First, Last, and Only

Thursday 29 November 2012 | general

A local priest, when discussing the Liturgy of the Eucharist — which never changes, from day to day, week to week, year to year; in other words, something repeated hundreds and then thousands of times — discussed how it might be easy simply to drift into auto-pilot (auto-priest?) and run through the liturgy without thinking, without really being there. He told us his secret for preventing such rote recitation is a prayer in which he asks for the grace to say the Mass as if it were his first Mass, his last Mass, his only Mass.

It might not be a bad way to approach every task.

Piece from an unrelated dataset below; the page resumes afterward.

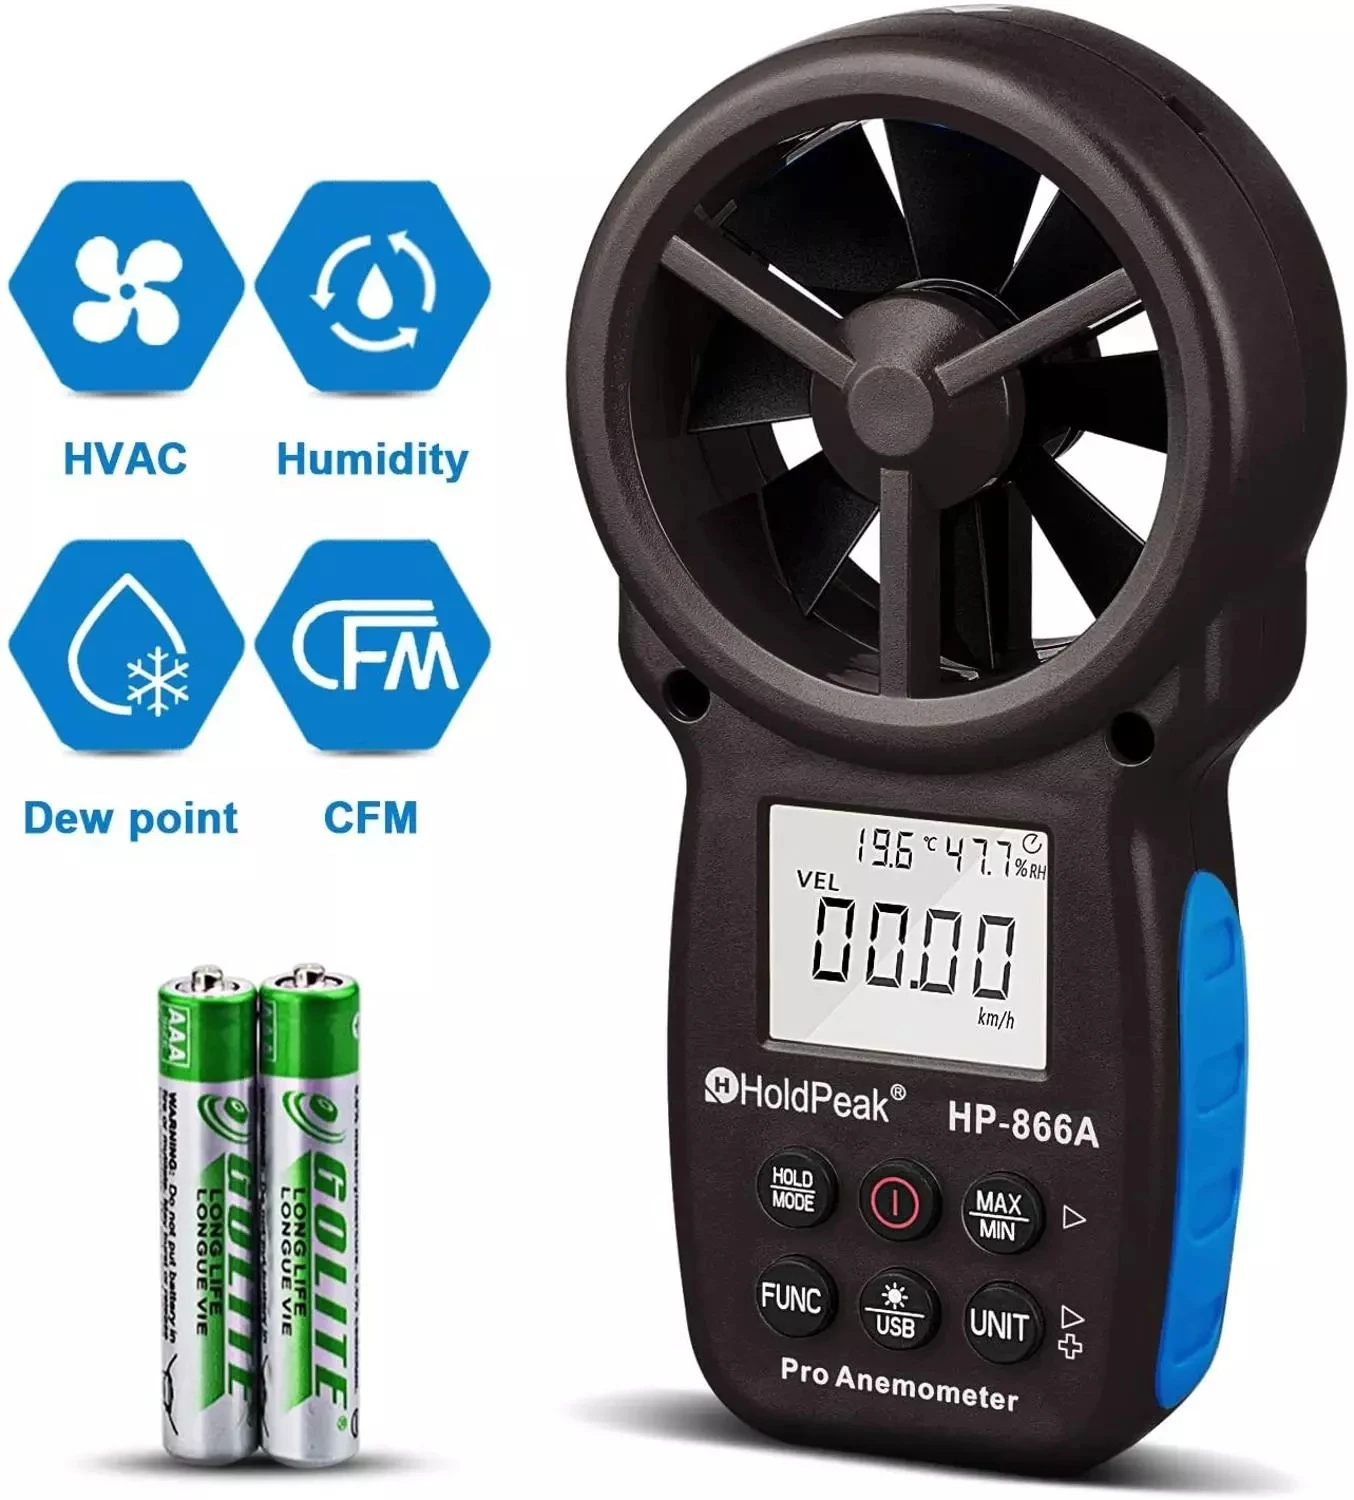 

HoldPeak 866A Digital Anemometer - Wind Speed Meter Measures Wind Speed,Temperature,Wind flow with Data Hold & USB

I think of the excitement I felt every single “first” day I have had in the classroom: the first day at a new school, the first day ever in front of the classroom, the first day of a new school year, the first day back from a long break. Each and every first day has its own unique excitement, but the fact that it is exciting is the common element. By day sixty-five, that excitement seems somehow to have vanished, or at least diminished. The result is sometimes drudgery.

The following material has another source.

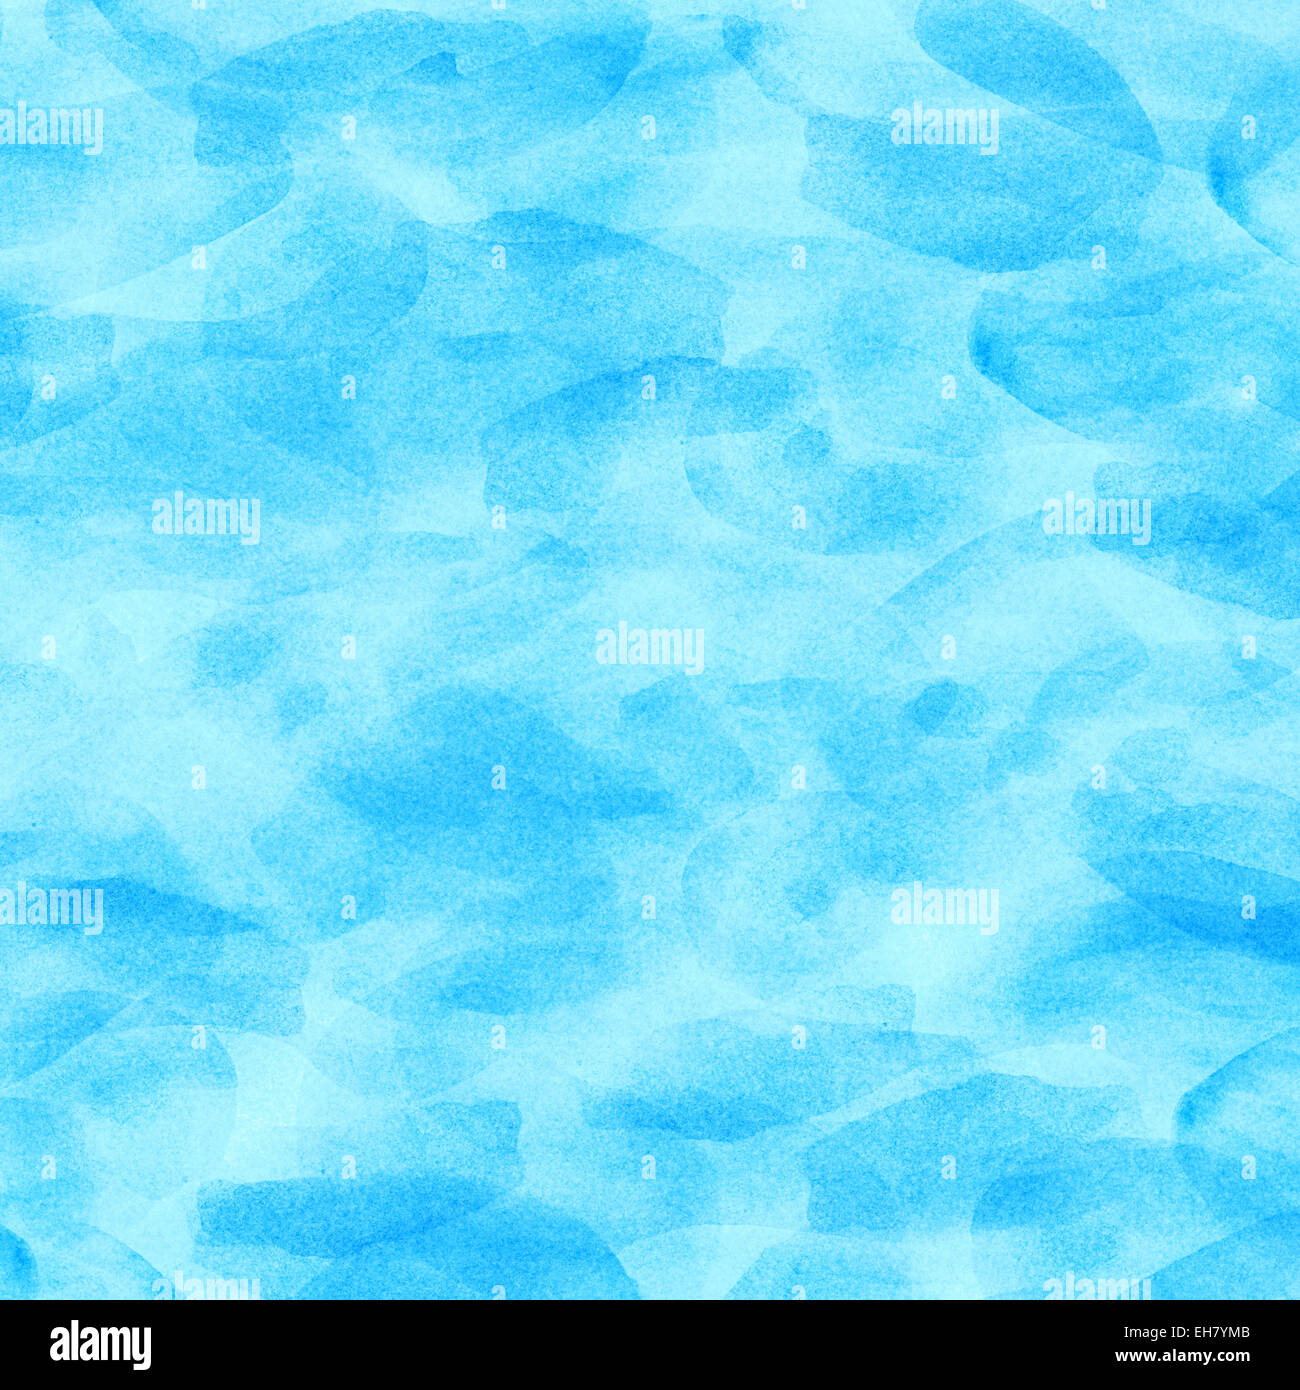 Abstract blue watercolor background. Stock Photo

I think of the excitement I felt the first time I held our daughter. Such a charge, such a responsibility, such a humbling moment. Yet as the years pass and the fussing and independence increase, that energy sometimes seems a little tired. The daily routine, with its predictability, numbs the sense of wonder if one is not careful. Children are blessings, but the sometimes simply wear one down, and while I feel like a “bad parent” for admitting it, I’m sure it will happen with our son as well. It’s simply easier to focus on the now, which can be frustrating, than the thrill that still resonates but sometimes seems hushed.

I think of the heart-stopping moment when I asked K to marry me, and while I love her more now than I did then, and will love her more tomorrow — more deeply, more maturely — than I do today, there are moments when we grate on each other. It’s only natural. Still, in those moments, for the briefest flicker of time, that thrill seems gone. I know it will return; I know it never left; but in my human weakness, I can still focus on that moment and wallow in it for a while.

So what if I could live every moment as if it were my first, last, and only in front of a classroom; my first, last and only with my children; my first, last, and only with my wife. What if I could simply remember to reach each second as if it were my first, last, and only? Could I stand the intensity? The joy?